Nelle conversazioni che Carlos Castaneda aveva con don Juan emergono nozioni e termini per diventare un uomo di conoscenza (o di sapere), per chi ha letto i suoi testi noterà inoltre che non viene quasi mai usata la parola sciamano.

Per dare una più ampia definizione di uomo di conoscenza (o di sapere) l’argomento verrà trattato in un topic a parte, al momento per darne una spiegazione superficiale cito un passaggio dal primo libro di Carlos Castaneda, Gli insegnamenti di don Juan ed. Rizzoli, di cui troverete una breve recensione al seguente link interno: http://sciamanesimo.forumattivo.com/t989-gli-insegnamenti-di-don-juan , don Juan alla domanda di CC su chi fosse l’uomo di sapere risponde:

"Un uomo di sapere è quello che ha affrontato tutte le difficoltà che comporta la conoscenza. Un uomo che è andato, senza fretta né esitazioni, il più lontano possibile lungo la strada che porta alla scoperta dei segreti del potere e della conoscenza.”

Dietro a queste frasi in realtà c’è molto di più.

Quando un uomo decide di fare questo percorso, ovviamente mi riferisco allo sciamanesimo tolteco secondo gli scritti di Castaneda, si troverà a dover sfidare ed a sconfiggere quattro ostacoli o come li definisce don Juan quattro nemici naturali dell’uomo.

Oggi vedremo il primo, terribile, insidioso e difficile da combattere è: la PAURA.

Agli inizi, quando si incomincia ad imparare, ci si trova spaesati, non si hanno obiettivi chiari, si cercano conferme, risultati…
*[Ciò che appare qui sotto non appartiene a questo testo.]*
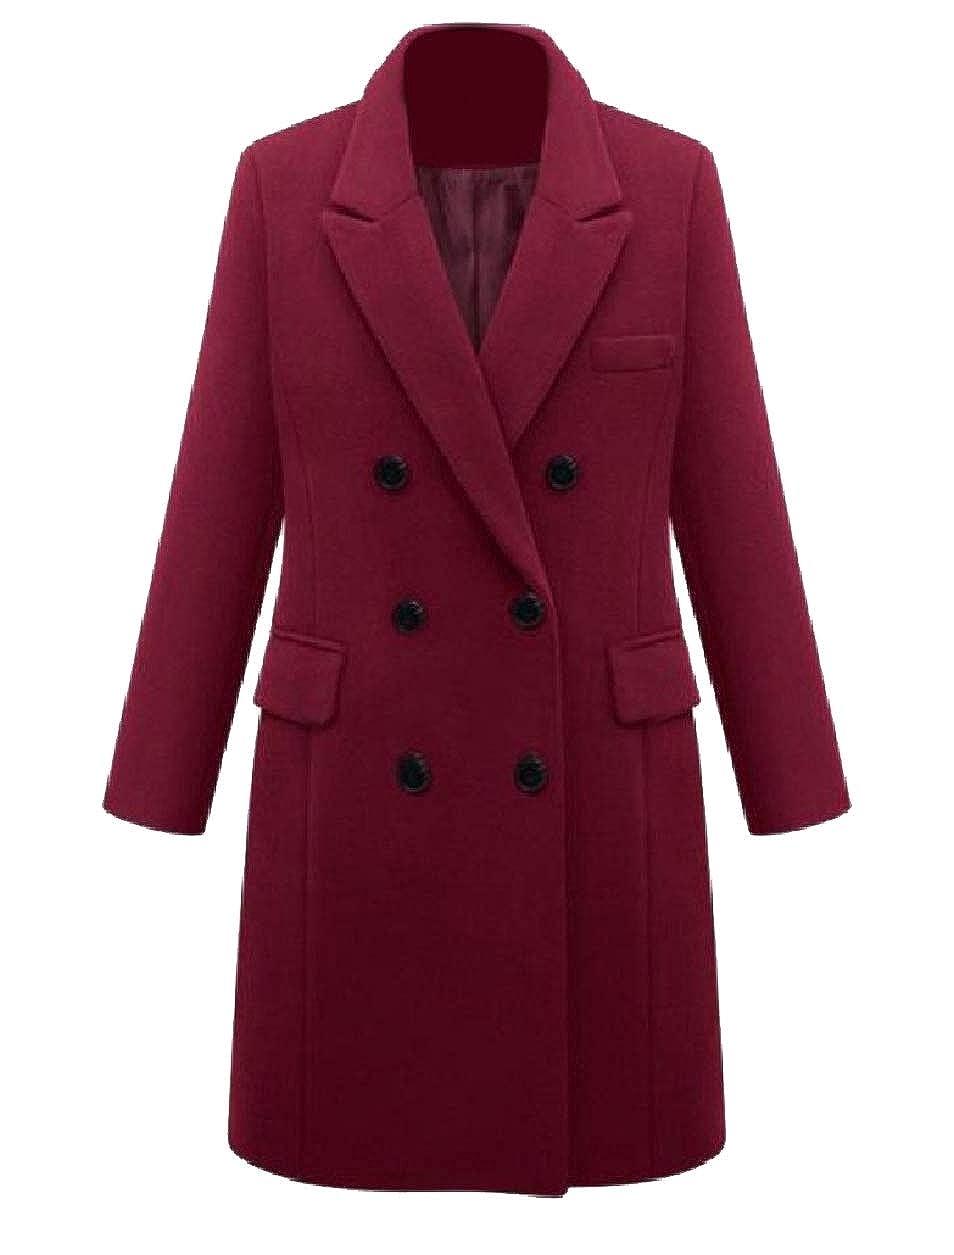 Abetteric Women's Fall Winter Double Button Plus Size Jackets Long Pea Coat

L’inizio è sempre lento, a causa di questo molte persone impazienti di avere un esito abbandonano la via, quando incomincia ad imparare si accorgerà che tutto ciò che avrà imparato è ben diverso da ciò che aveva immaginato, questo fa sì che si crei un conflitto interno, dubbi, incertezze. Si ritroverà inspiegabilmente vittima della paura, la paura ad esempio che la sua ragione è per sempre compromessa.
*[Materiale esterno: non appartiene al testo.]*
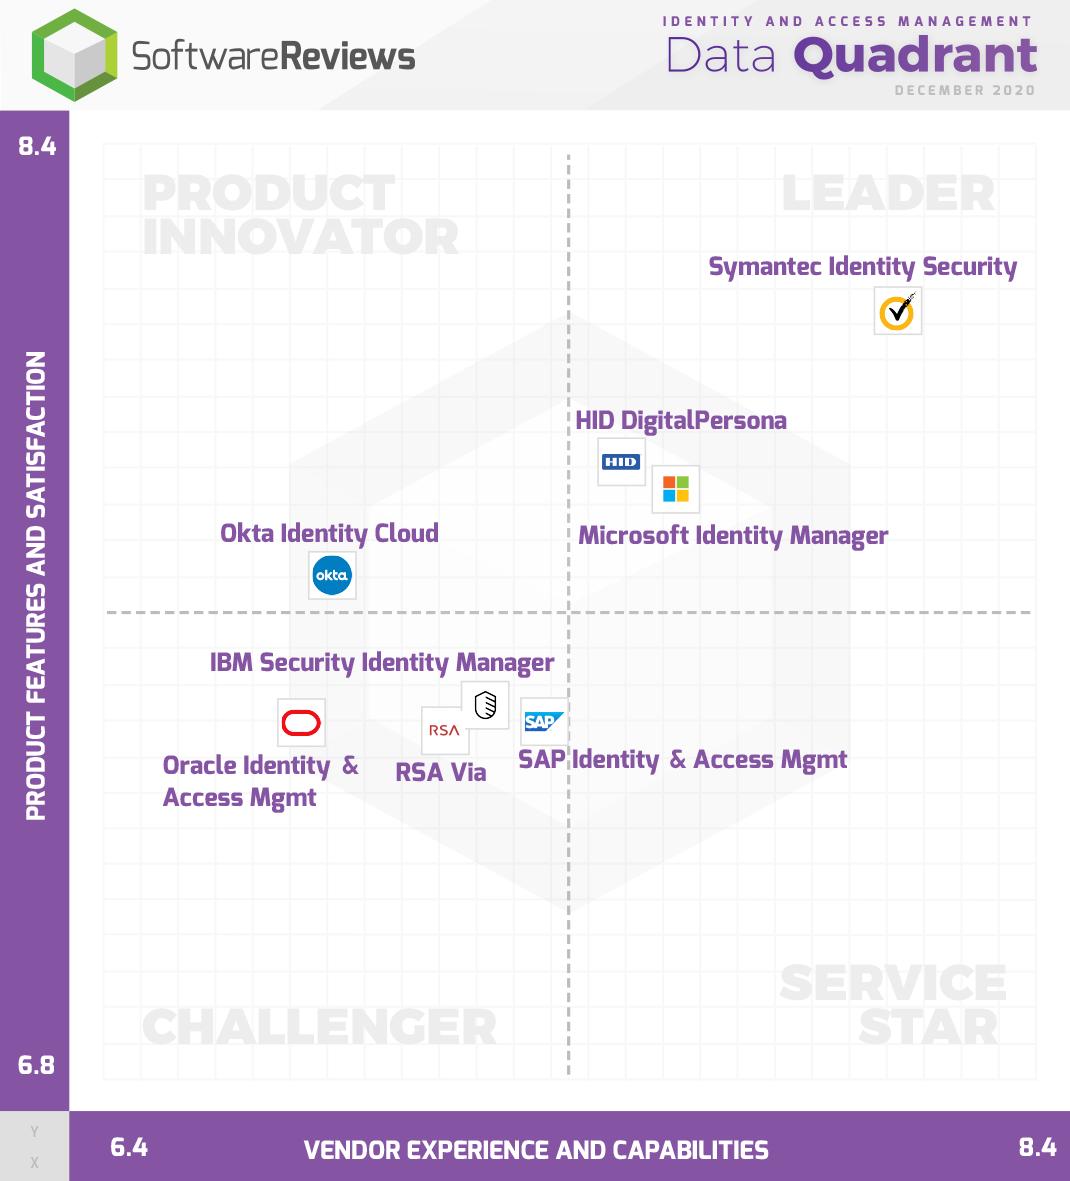 Identity and Access Management Data Quadrant

Invece non si rende conto che in realtà ha incontrato il primo dei nemici naturali dell’uomo: la PAURA.

Può presentarsi in varie forme, può essere così sottile da essere difficilmente identificabile, il risultato sarà sempre lo stesso: creare un debilitante squilibrio, si sarà in preda all’incertezza sullo scopo e sulla direzione intrapresa, si avrà la sensazione che la propria razionalità sia perduta per sempre, ci si sentirà isolati…

Se l’uomo, in preda alla paura, fuggirà o se cederà ad essa, non riuscirà più a intraprendere questo cammino, non riuscirà mai a diventare un uomo di conoscenza, il suo percorso sarà per sempre compromesso.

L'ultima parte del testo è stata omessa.